Monday, November 17, 2008

The big picture

The beginning
I'm starting this blog as a way to document a farming neophytes venture into a small, for-profit farming venture. I've started and operated other businesses, but never anything related to agriculture or animal husbandry, so I'm expecting more-than-the-usual amounts of difficulties.

The goal
I'd like to own land in the country, to provide a balance for my mostly-city life. Most of the work that I do is cerebral, so I seek out projects that I can do with my hands and see tangible results for. It's an emotional need to see what I create and enjoy its use, and it's manifested itself in my life in a continuing love of remodeling, construction, carpentry, welding and cooking. The goal of this venture is to combine both of these interests, and a small, working farm seemed like a good choice.

I don't think that any business venture (and the farm is one of those) is really complete without a discussion of money. In this case I wanted to own the most land that was suitable for my purpose, for the least amount of money. Operations of the farm have to pencil out as potentially making a profit. There has to be enough profit to be able to hire a part-time employee eventually. In doing the math I assumed I'd need a tractor, a barn, and implements for the tractor - post hole auger, ditcher, chipper/shredder, etc. So I set my overall budget for land, buildings and equipment at $100k.

Guidelines for farm products
First, I dont' want to do any sort of farming that I would be ashamed to have someone look at. No battery cages, the least amount of confinement possible for the animals, the most natural environment for the animals, and each animal should be able to do what it would normally do.

Second, there should be defined periods when you're dealing with customers, but nothing that requires staffing a retail store full-time, to keep the overhead down. So seasonal staffing, yes. But full-time staffing, no, unless required by the crop being produced. An example of this might be turkeys; buy them in march/april, raise them until early november. Not much customer contact until late october, all of the birds sold by thanksgiving, one month of retail activity. The goal is to enjoy the rural life and product, not to run a retail operation.
Third, when a crop or animal is picked, work on all of the variations of that crop or animal. So if you pick chickens, think pigeons. If you have chickens and pigeons, think turkeys. If you've got turkeys, thinkg guinea fowl. Work on a diversified set of income producers to spread the risk of failure out. Because I expect to fail. And I want to use the same facilities as many times as I can to save capital.

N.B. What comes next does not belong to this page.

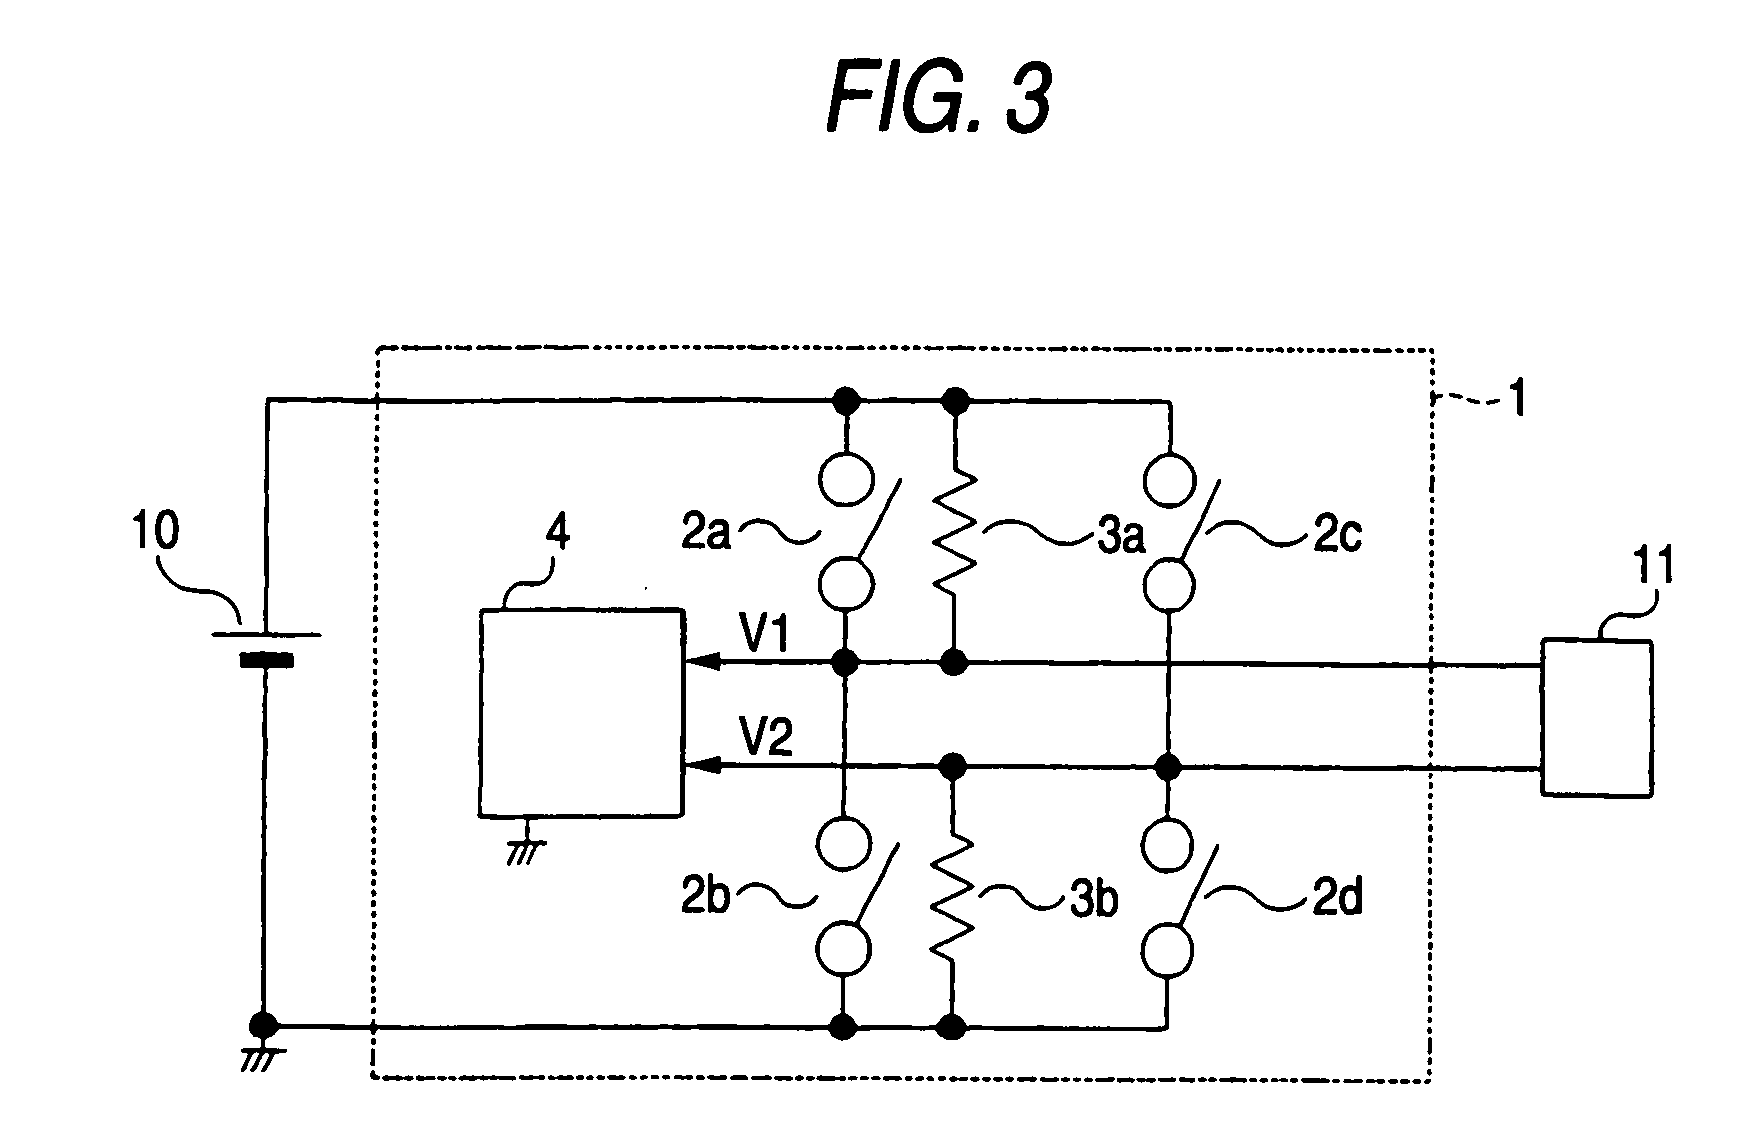 Failure detecting device for a load driving system

Fourth, no crop or animal should be selected unless it pencils out as a product that will make a profit after all costs are figured, and that there is a ready market for. Items that a large number of people are growing should be approached with caution. Items that noone is growing locally that are bought locally should be carefully scrutinized.

Fifth, start small, grow large. Each animal or crop should be done with a test crop or unit of animal. After a year of working through the issues related to that crop a careful review of the results will determine if another year of that crop is to be undertaken.

Amount of land needed
I've already got a house that I'm happy with. Initially, I'm planning on commuting to the farm every day, or every other day as needed. As a result, any parcel of land that includes 3 acres of clean pasture and an acre of other space for buildings and silos will work for me initially. It would be better if there were room to expand later -- so parcels that adjoin other land that can be leased or purchased later are more desirable. 

Land location
As close to the retail market as I can afford, as close to a major highway as I can afford. Optimally near a freeway offramp within 20 miles of Seattle, with the potential for signs that can be seen from the freeway and/or the ability to draw UPick customers from a major metro area. Reduces the time to market , allows customers to pick up items from the farm, and allows minimally staffed (upick) crops.